Walker’s touchdown was the perfect mixture of patience and athleticism. Much like his lineman Walker let the play come to him, he did not outrush his blockers and then when he saw daylight he treated the Lions defence the way Usian Bolt treats a group of recent graduates from Jenny Craig. Yes the Lions won the game but that play stood out like no other from this past weekend.
(4) The Larry Taylor touchdown (I couldn’t resist)
Now I could go with the Kory Sheets fourth quarter touchdown run but I have a rule, if a game has 20+ punts I don’t feel any obligation to break down a single play.
But there is one storyline I found very compelling. Reading Murray McCormick’s musing about the game he talks about Brent Hawkins giving the football he got on a second quarter fumble recovery to his fiancée Andrea Cecchini.
Hawkins shoulder injury kept him off the field for the 2011 season and his soon-to-be wife played a major role in his rehabilitation. I love that story! So sweet. And in an era where we are inundated with stories of bad fathers like Antonio Cromartie and bad husbands like Tiger Woods it’s refreshing to learn about stories like this.
So in lieu of looking at a play from Eskimos / Roughriders game let’s revisit the Larry Taylor missed field goal return touchdown. Ha! You didn’t think I was going to skip the play that excited millions of Canadians and confused millions of American’s did you?
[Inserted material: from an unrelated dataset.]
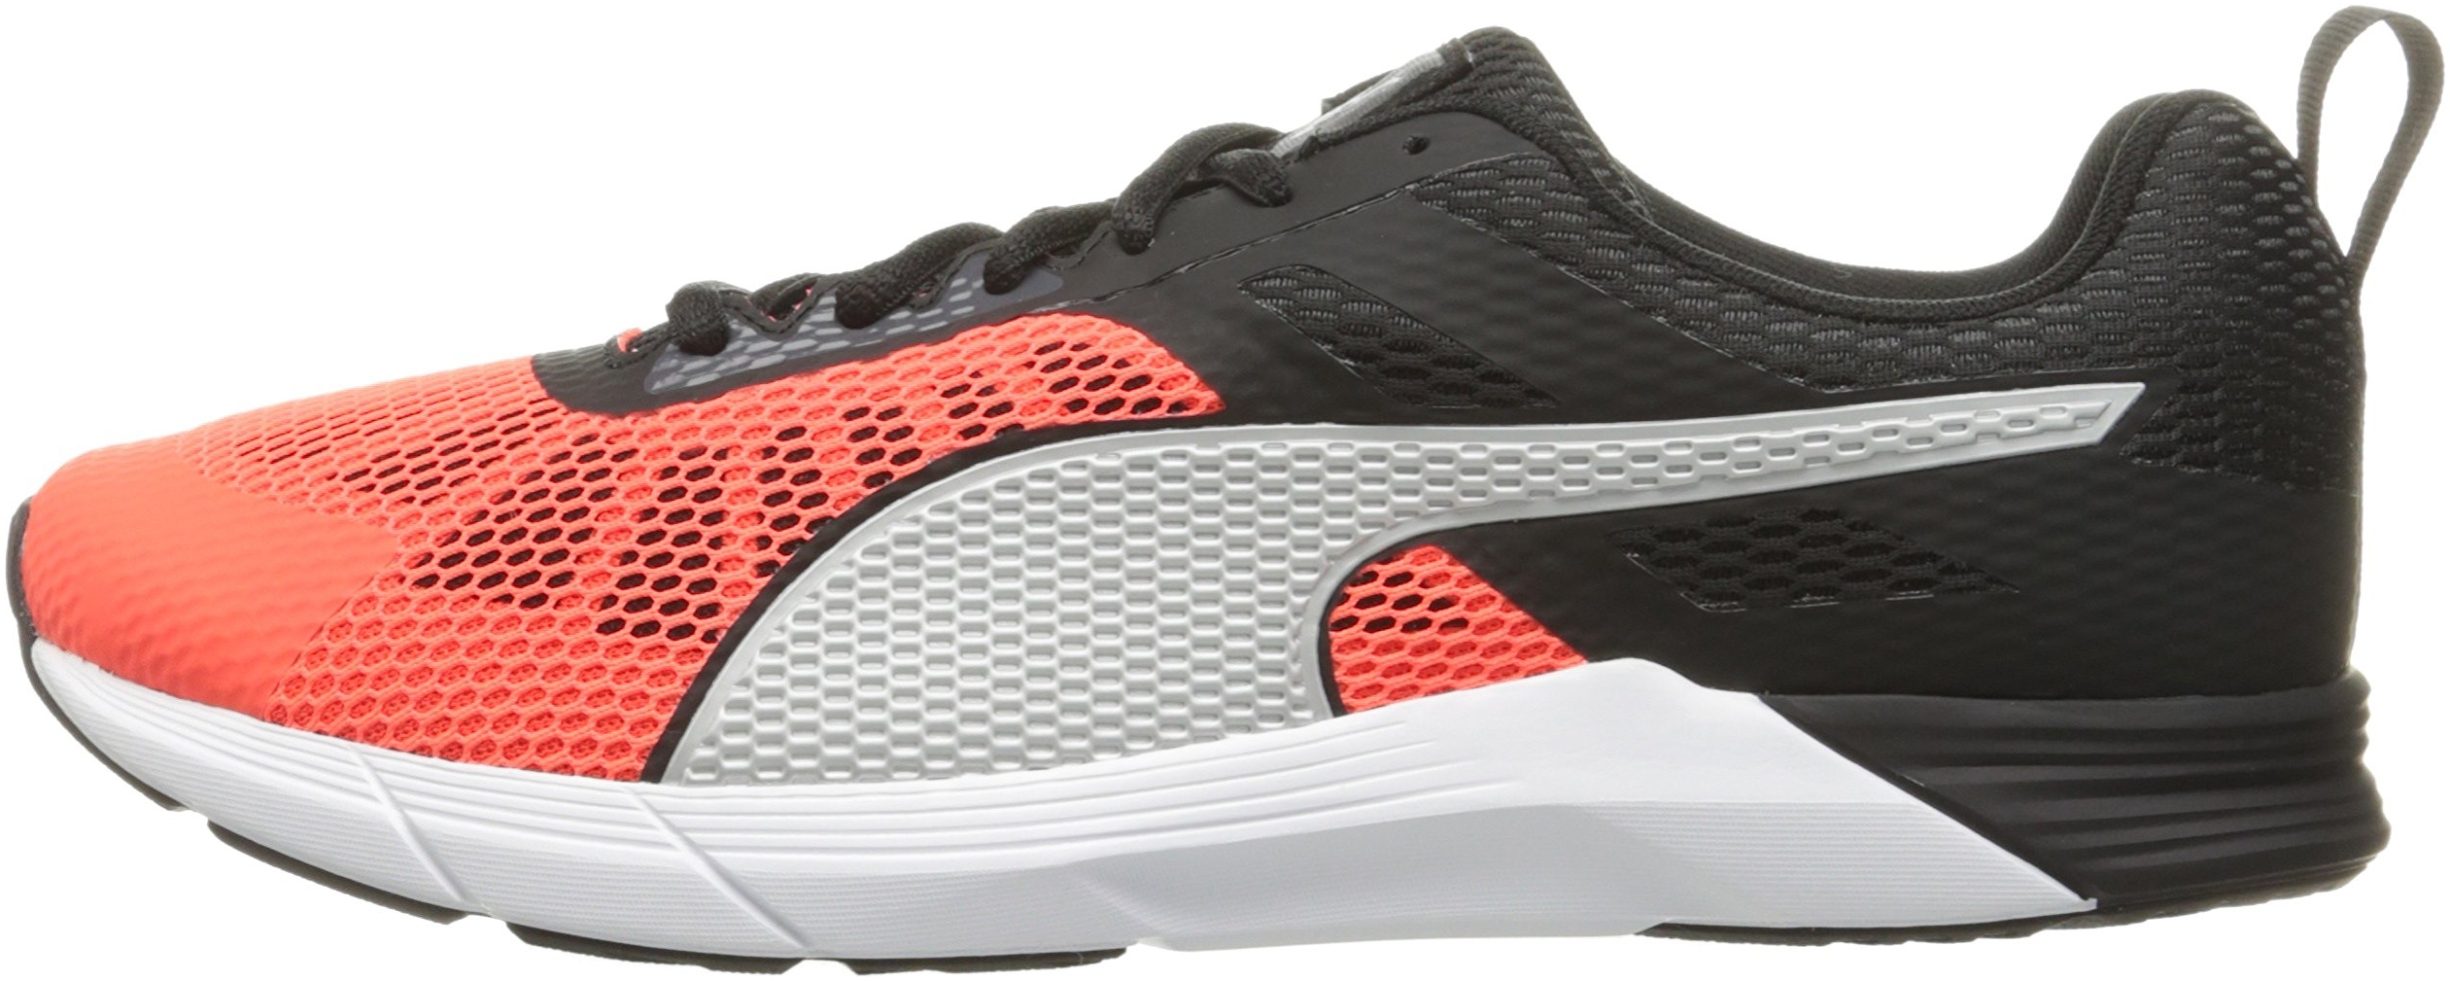 Only $35 + Review of Puma Propel

One way you can measure the explosiveness of a returner is by how far away they are from the goal line when you realize they aren’t going to be stopped. You could tell by the 21 yard line, 89 yards away that he was going to score.
The majority of long return touchdowns have several highlight-worthy missed tackles. But with Taylor he is so fast and is so intelligent about the cuts he makes he really didn’t need any Herculean efforts to break free from the coverage. He can manipulate the entire coverage team with one shoulder fake.
Yes he displayed some nifty footwork at around the 20 but what I will remember was his ability to create a hundred separate special teams break downs in five seconds early in his return and then directing traffic near the of the return. How do you make a 125-yard touchdown return look so easy???